Adapted from the play Farragut North, by Beau Willimon, the film harks back to the character-driven political thrillers that Michael Ritchie and Alan J Pakula used to make in the early 1970s during the Watergate era – films like The Candidate and The Parallax View.

Extremely well-crafted and acted, the film was warmly enough received at yesterday's screening. But it lacks that sense of political idealism and indignation that made Clooney's earlier directorial effort, Good Night, and Good Luck so stirring.

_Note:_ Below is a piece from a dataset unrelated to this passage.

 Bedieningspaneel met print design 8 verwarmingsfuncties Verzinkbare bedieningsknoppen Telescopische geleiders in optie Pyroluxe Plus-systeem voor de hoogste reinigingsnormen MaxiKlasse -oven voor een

Clooney gives a dispiriting sense that US politics is such a venal and corrupt arena that no one can hold on to their integrity. The film begins with the campaign manager Stephen Meyers (Ryan Gosling) testing the mics before a political debate featuring Governor Mike Morris (Clooney), a Democrat hopeful for the presidency. Meyers cynically races through Morris's speech. A few moments later, the same words are delivered by Morris himself. Clooney looks absolutely the part as a presidential hopeful, railing eloquently against religious bigotry and America's obsession with oil.

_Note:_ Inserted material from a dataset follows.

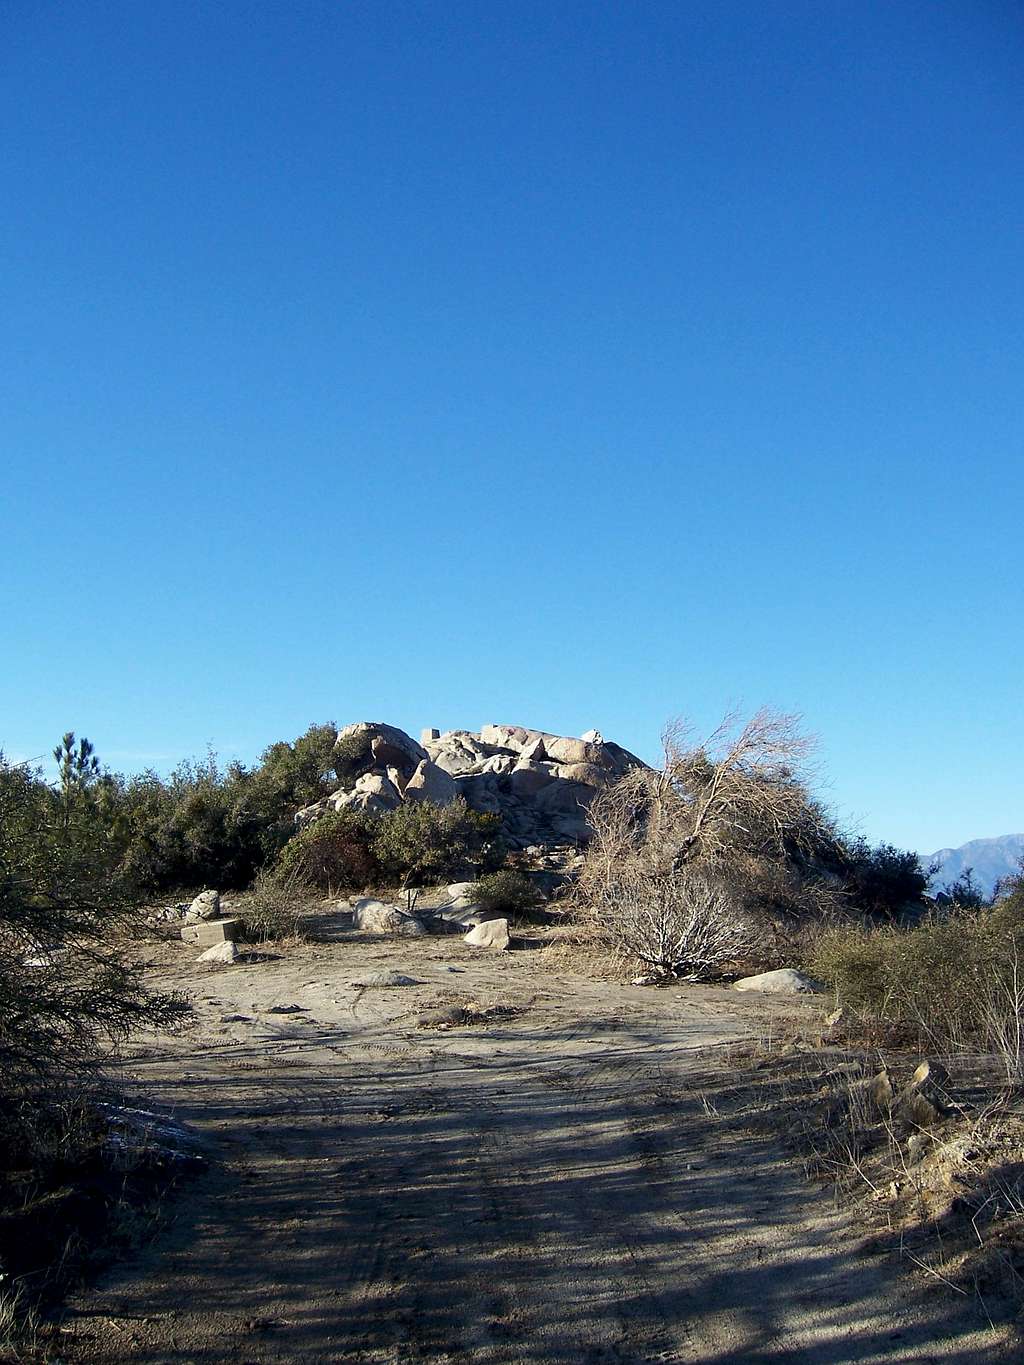 Ranger Peak

Early scenes, showing the hectic behind-the-scenes world of a Democratic campaign, rekindle memories of The War Room, the celebrated DA Pennebaker and Chris Hegedus documentary about Bill Clinton's campaign team. The strategists Paul Zara (Philip Seymour Hoffman) and Meyers are every bit as colourful and as Machiavellian as real-life prototypes like Clinton's advisers James Carville and George Stephanopoulos.

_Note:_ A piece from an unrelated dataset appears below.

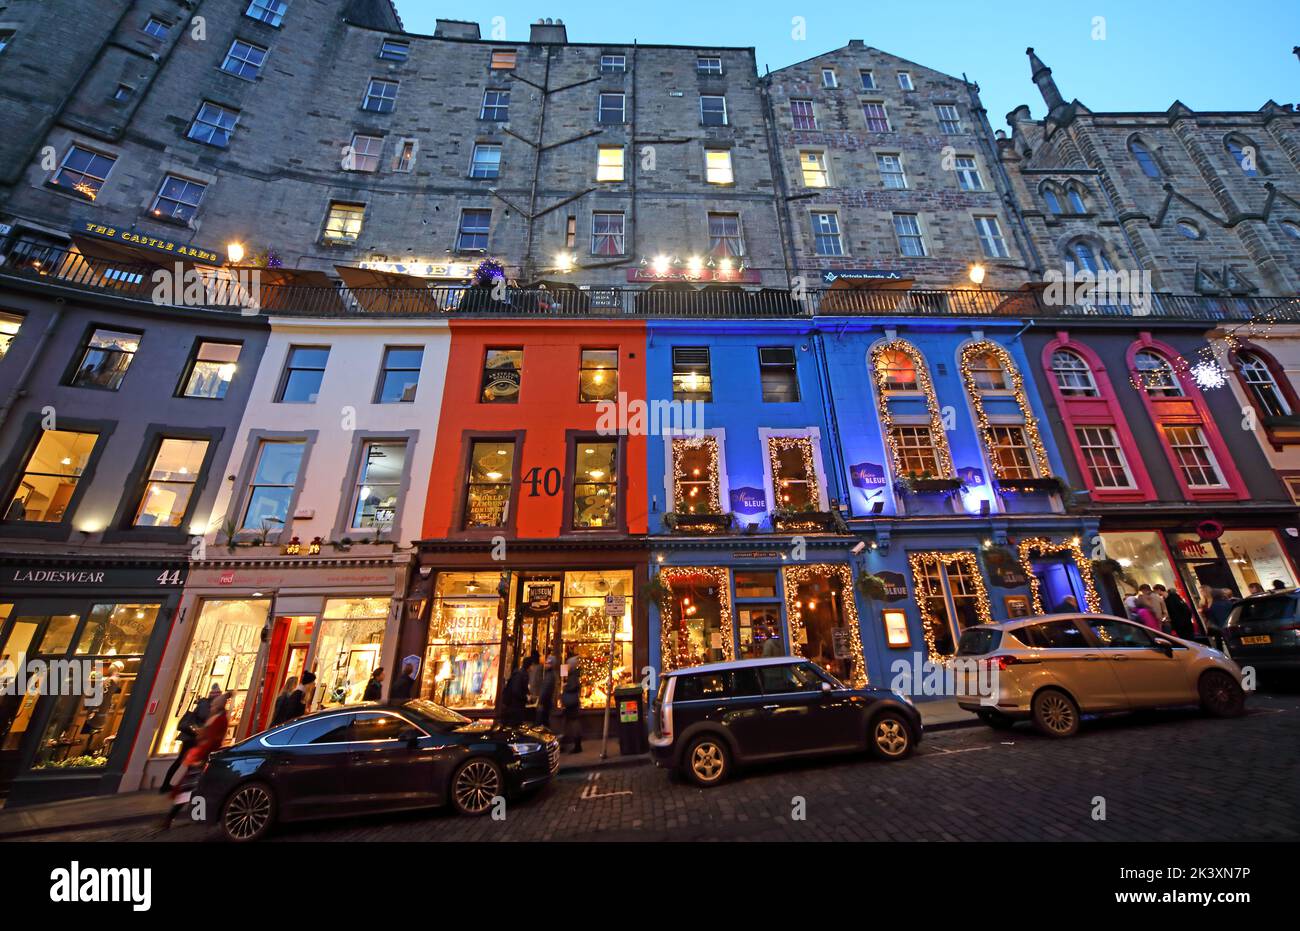 Geschäfte in der Abenddämmerung, auf der Victoria Street, der Altstadt, Edinburgh, Lothian, Schottland, Großbritannien, EH1 2HG - Weltkulturerbe Stockfoto

However, as the film progresses, the storytelling changes tack. This turns into an embroiled drama about loyalty, blackmail and illicit sex with the intern (Evan Rachel Wood). The bigger picture – the brave new America that Meyers hopes his candidate Morris will deliver – becomes ever more clouded as the dirty tricks kick in. The plotting is complex. No one's behaviour is ever quite what it seems. When the campaign manager (Paul Giamatti) for a rival candidate makes friendly overtures toward Meyers, we very quickly realise that his intentions are not benign. What starts as a political drama moves into film noir territory. The look of the film darkens.

The screenplay, by Clooney and his regular collaborator, Grant Heslov, makes some trenchant points about the ambiguous relationship between politicians and the press – a relationship that oscillates between sycophancy and hostility. It is also funny and observant about the circus-like aspect of a US presidential campaign. This is a world in which even the idealistic candidate with the JFK smile turns out to be as tainted as anyone else.